Embora a Segunda Guerra Mundial tenha marcado a ascensão dos Estados Unidos como superpotência mundial indiscutível, muitos historiadores observam que seus alicerces econômicos foram lançados décadas antes.
Os Estados Unidos alcançaram um crescimento econômico notável, evoluindo de uma sociedade predominantemente agrária para a principal economia do mundo.
Foi nos anos após a Guerra Civil que uma série de fundadores, incluindo John D. Rockefeller, Andrew Carnegie, Cornelius Vanderbilt e James J. Hill, “criaram uma economia industrial moderna”, disse Herman.
Um dos maiores impulsionadores econômicos durante esse período foi o boom ferroviário.
“As ferrovias eram uma espécie de internet e IA combinadas no século XIX”, disse Herman.

A Ponte Newport e Cincinnati, em construção em Cincinnati, por volta de 1870 nesta imagem estereoscópica, foi a primeira ponte ferroviária a cruzar o rio Ohio entre Ohio e Kentucky. No século XIX, as ferrovias americanas transformaram a economia do país ao conectar mercados distantes e viabilizar o acesso aos vastos recursos naturais do continente. (Graphic House/Archive Photos/Getty Images)

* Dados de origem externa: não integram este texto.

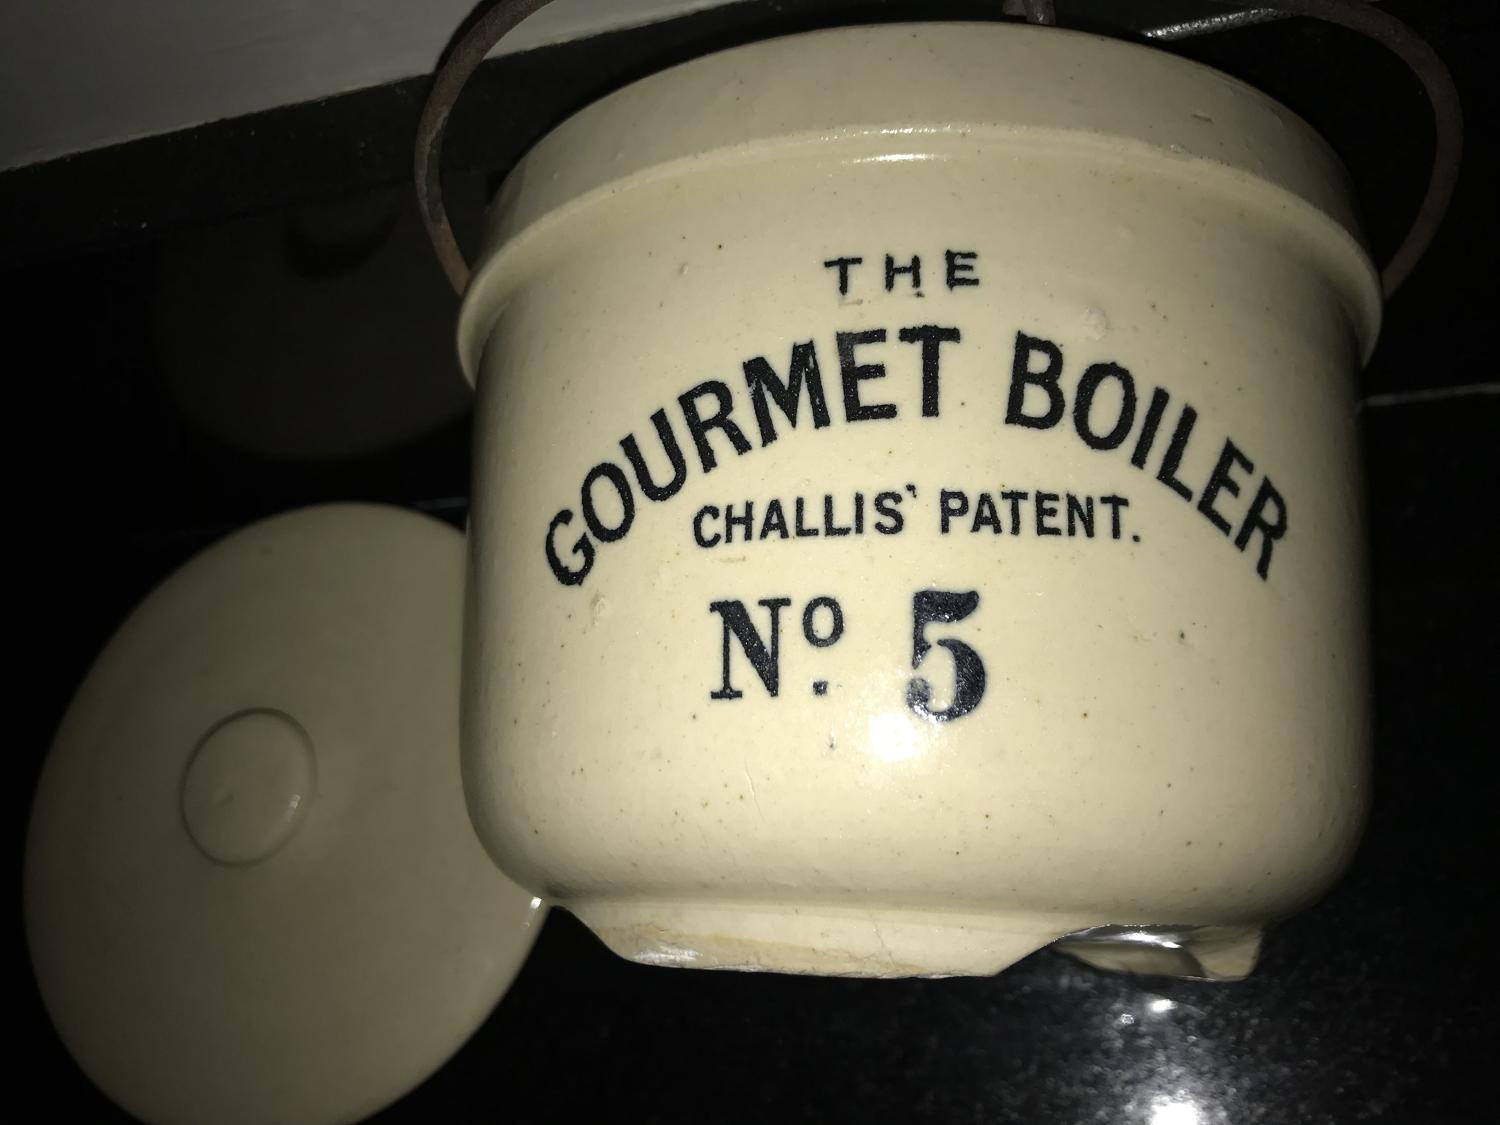 Gourmet Boiler N0.5

As ferrovias americanas transformaram a economia do país ao conectar mercados distantes e viabilizar o acesso aos vastos recursos naturais do continente. Muitas das empresas que alcançaram sucesso no século XIX o fizeram graças às suas conexões com esse novo meio de transporte.
Durante grande parte do século XIX, a Grã-Bretanha foi a potência dominante mundial devido à Revolução Industrial e à força da Marinha Real britânica. No entanto, no final do século, os Estados Unidos emergiram como o principal rival econômico da Grã-Bretanha.

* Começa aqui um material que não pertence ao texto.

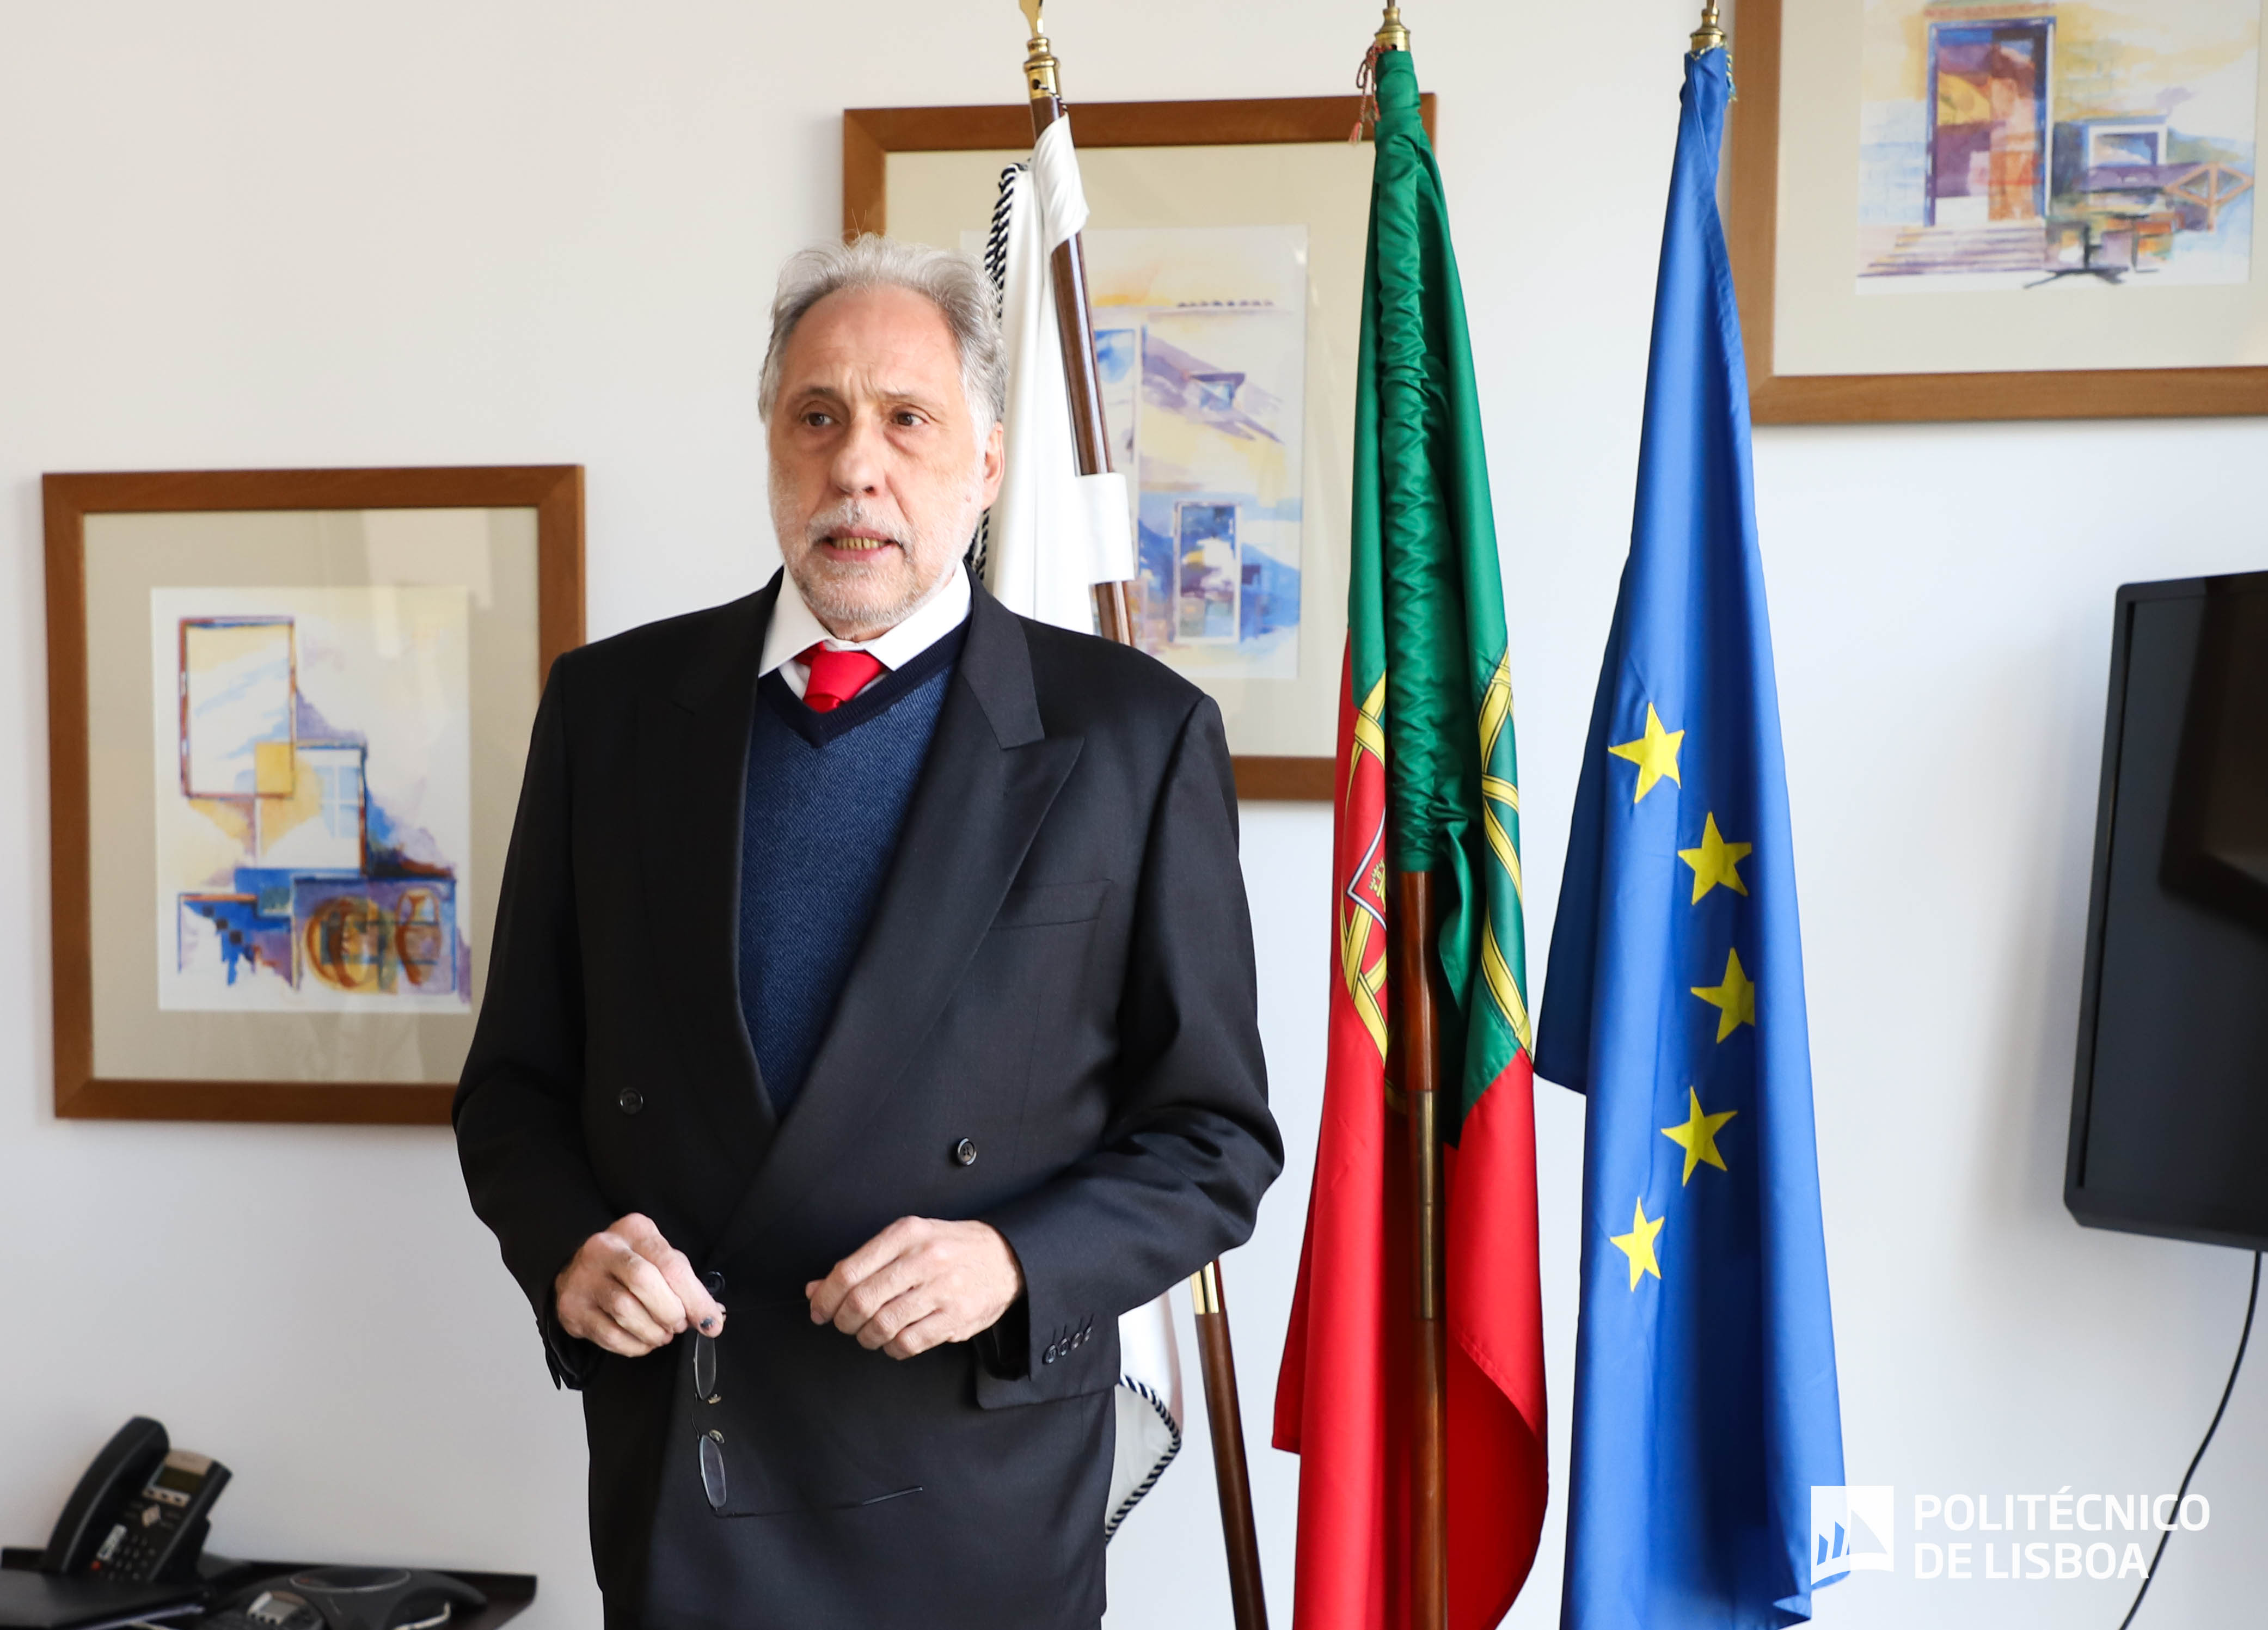 Presidente do Politécnico de Lisboa

As ferrovias eram uma espécie de combinação entre a internet e a inteligência artificial no século XIX.
Os abundantes recursos naturais dos Estados Unidos e os avanços nos setores de transporte, siderurgia, eletricidade e produção em massa transformaram o país em uma potência industrial.

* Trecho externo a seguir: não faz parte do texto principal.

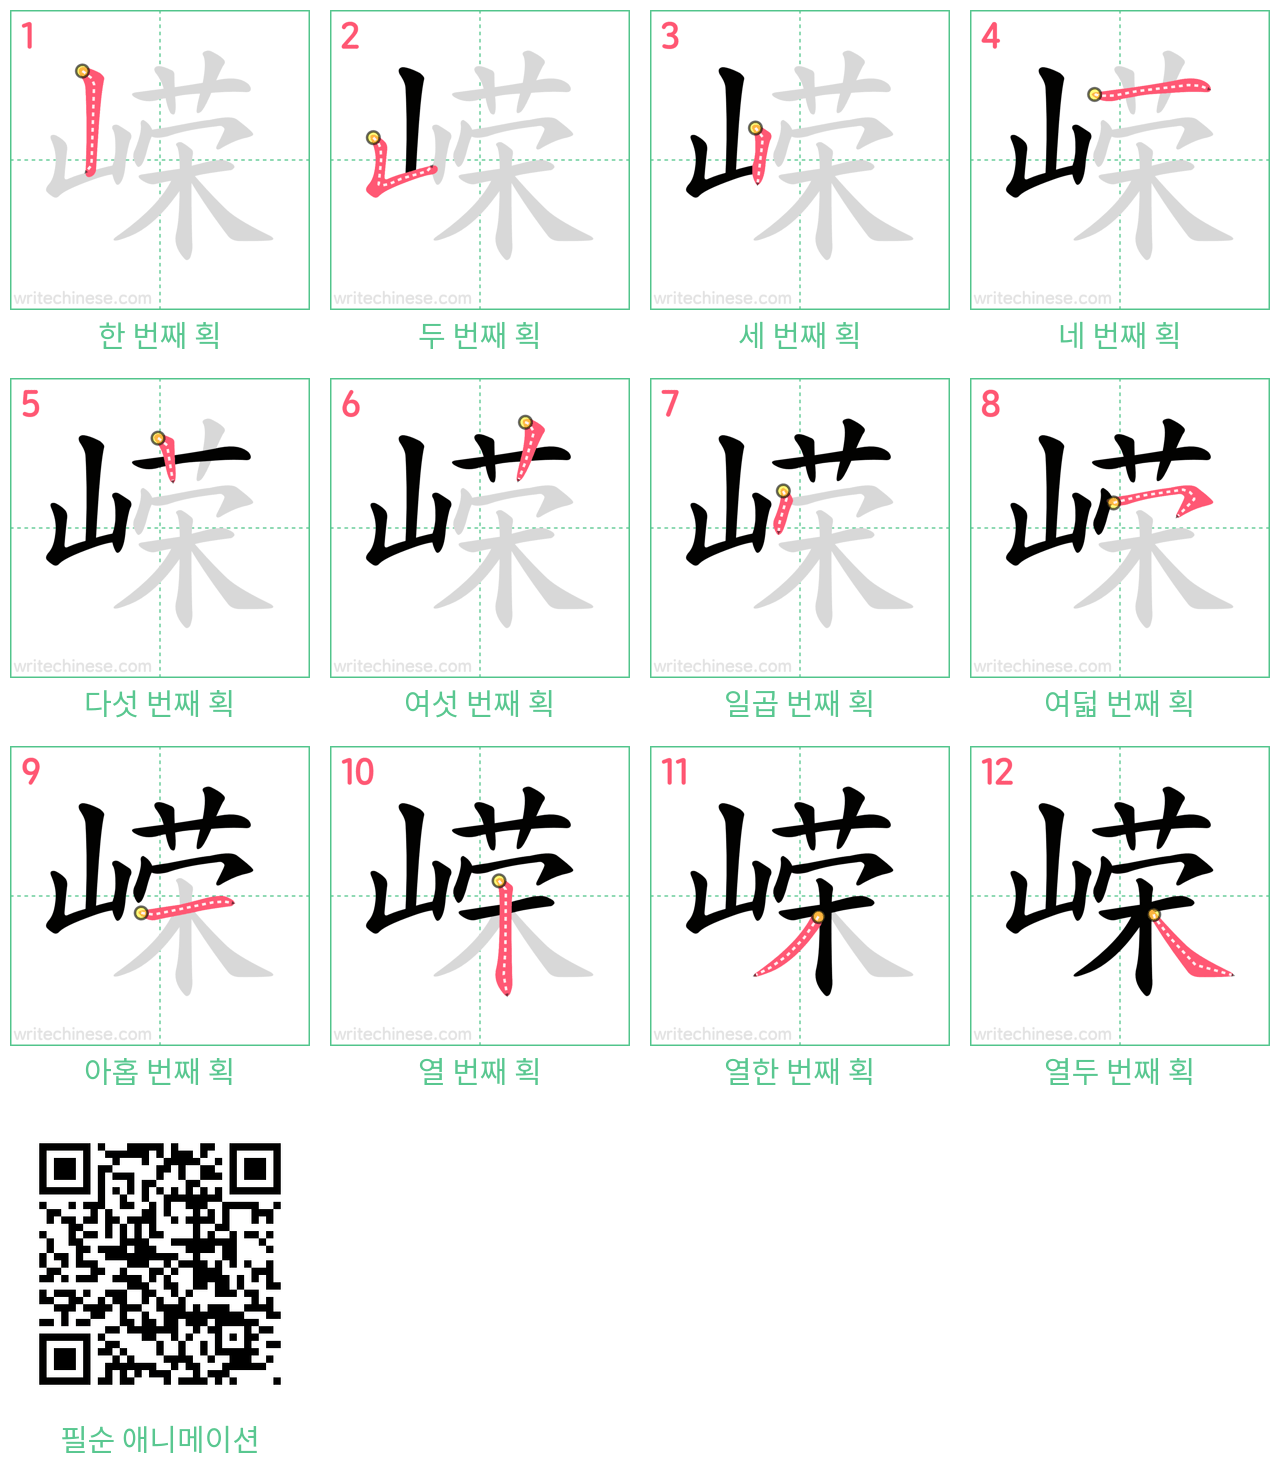 嵘 step-by-step stroke order diagrams

Ao contrário de muitos países da Europa e da Ásia, os Estados Unidos também incentivaram o empreendedorismo ao limitar a interferência do governo, dando aos inovadores maior liberdade para assumir riscos, gerar novas ideias e expandir seus negócios, disse Herman.
“Quando chegamos a 1900, na virada do século, os Estados Unidos já eram a potência econômica dominante no mundo, superando de longe a produtividade do Império Britânico e da Alemanha”, disse ele.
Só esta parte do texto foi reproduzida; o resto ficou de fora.